“Don’t Fix Facebook… Replace It”

Monday, April 9, 2018
By Paul Martin

by Tim Wu, op-ed via The New York Times,
ZeroHedge.com
Mon, 04/09/2018

After years of collecting way too much data, Facebook has finally been caught in the facilitation of one privacy debacle too many.

When Mark Zuckerberg, the company’s chief executive, testifies before Congress this week, lawmakers will no doubt ask how Facebook might restore the public’s trust and whether it might accept some measure of regulation.

Yet in the big picture, these are the wrong questions to be asking.

The right question: What comes after Facebook? Yes, we have come to depend on social networks, but instead of accepting an inherently flawed Facebook monopoly, what we most need now is a new generation of social media platforms that are fundamentally different in their incentives and dedication to protecting user data.

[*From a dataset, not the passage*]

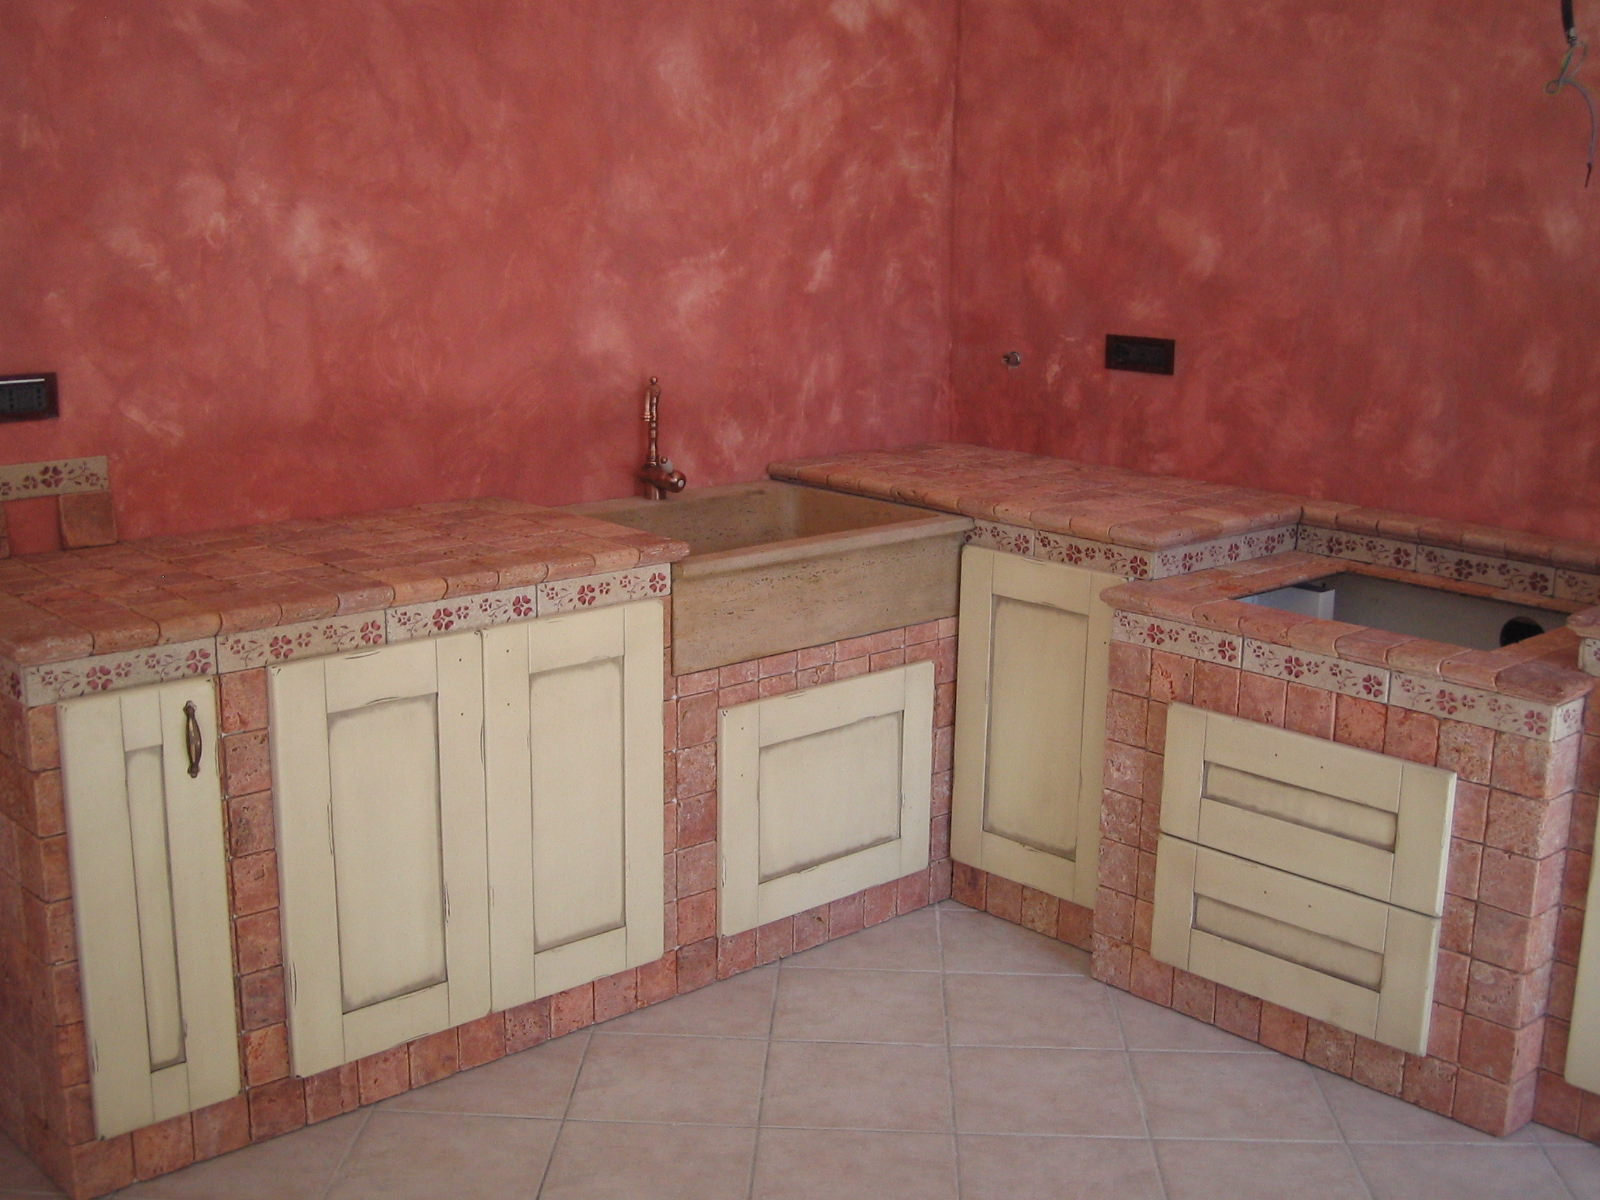 Progettare cucina in muratura cucine with progettare - Progettare cucina in muratura ...

Barring a total overhaul of leadership and business model, Facebook will never be that platform.

Every business has its founding DNA. Real corporate change is rare, especially when the same leaders remain in charge. In Facebook’s case, we are not speaking of a few missteps here and there, the misbehavior of a few aberrant employees. The problems are central and structural, the predicted consequences of its business model. From the day it first sought revenue, Facebook prioritized growth over any other possible goal, maximizing the harvest of data and human attention. Its promises to investors have demanded an ever-improving ability to spy on and manipulate large populations of people. Facebook, at its core, is a surveillance machine, and to expect that to change is misplaced optimism.

What the journalist Walter Lippmann said in 1959 of “free” TV is also true of “free” social media: It is ultimately “the creature, the servant and indeed the prostitute of merchandizing.”